My solution (which only needed to serialize data temporarily on a single machine, and therefore did not need to address endianness) was based on this pattern:

// deducible template argument read
template <class T>
void read_raw(std::istream& stream, T& value,
    typename boost::enable_if< boost::is_pod<T> >::type* dummy = 0)
{
    stream.read(reinterpret_cast<char*>(&value), sizeof(value));
}

// explicit template argument read
template <class T>
T read_raw(std::istream& stream)
{
    T value;
    read_raw(stream, value);
    return value;
}

template <class T>
void write_raw(std::ostream& stream, const T& value,
    typename boost::enable_if< boost::is_pod<T> >::type* dummy = 0)
{
    stream.write(reinterpret_cast<const char*>(&value), sizeof(value));
}

I then further overloaded read_raw/write_raw for any non-POD types (e.g. strings).

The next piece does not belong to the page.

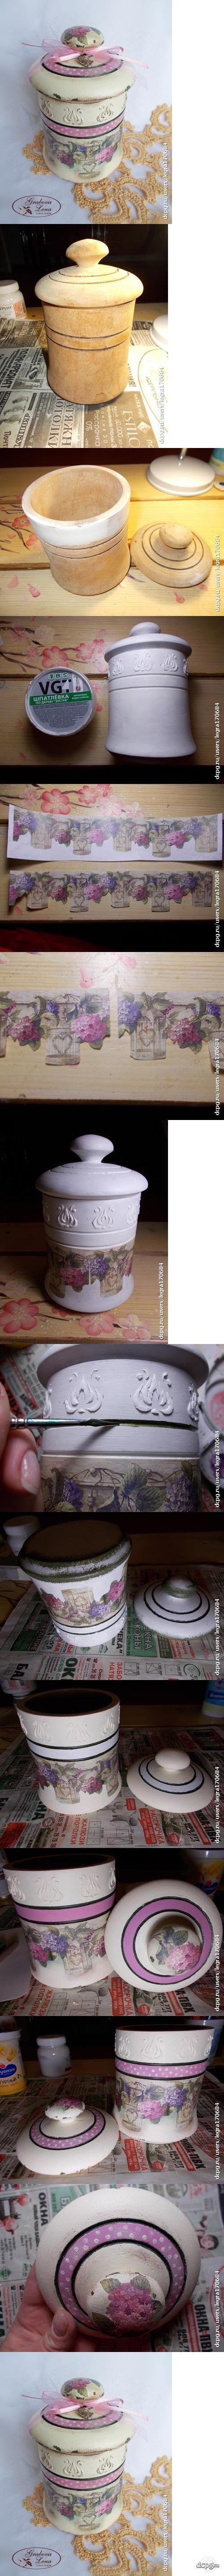 "Декупаж - Сайт любителей декупажа - DCPG.RU | Баночка ""Гортензия"" Click on photo to see more! Нажмите на фото чтобы увидеть больше! decoupage art craft handmade home decor DIY do it yourself tutorial"
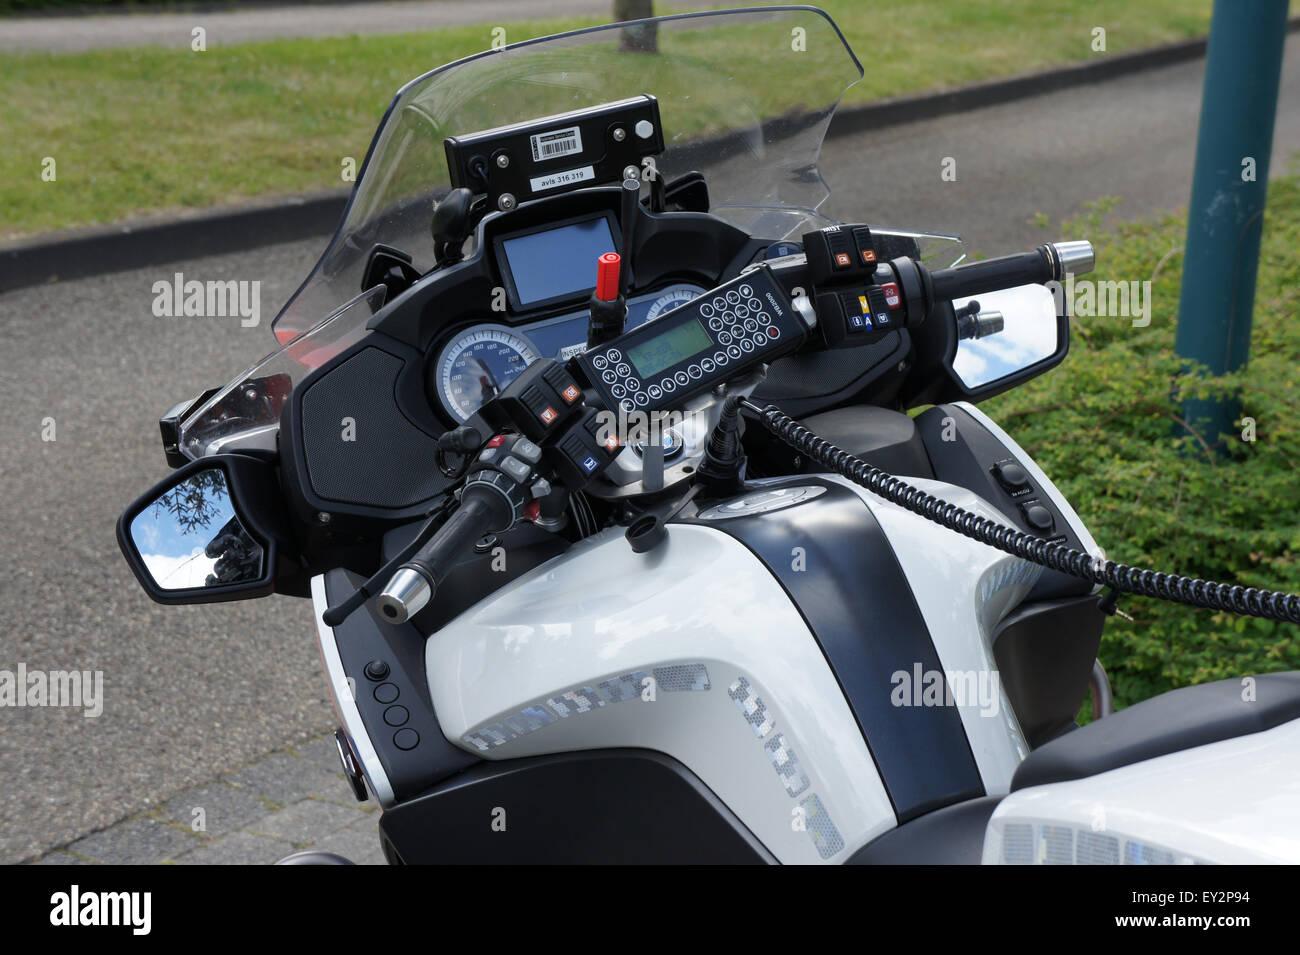 Police Motorbike Bmw R1200rt Unit 66 51 Pic2 Stock Photo 85498592

Note that only the first version of read_raw need be overloaded; if you use ADL correctly, the second (1-arg) version can call 2-arg overloads defined later and in other namespaces.

Write example:

int32_t x;
int64_t y;
int8_t z;
write_raw(is, x);
write_raw(is, y);
write_raw<int16_t>(is, z); // explicitly write int8_t as int16_t

Read example:

int32_t x = read_raw<int32_t>(is); // explicit form
int64_t y;
read_raw(is, y); // implicit form
int8_t z = numeric_cast<int8_t>(read_raw<int16_t>(is));

It's not as sexy as overloaded operators, and things don't fit on one line as easily (which I tend to avoid anyway, since debug breakpoints are line-oriented), but I think it turned out simpler, more obvious, and not much more verbose.

Trevor Robinson
A: 

From The C++ Programming Language, Section 20.10, Excercise 15: "Implement versions of istream and ostream that read and write numbers in their binary form."

Anyone have the answers to the exercises?

AFAIK you need to implement << and >> if istream_iterator and ostream_iteratator are to work, which of course are needed to use the STL algorithms.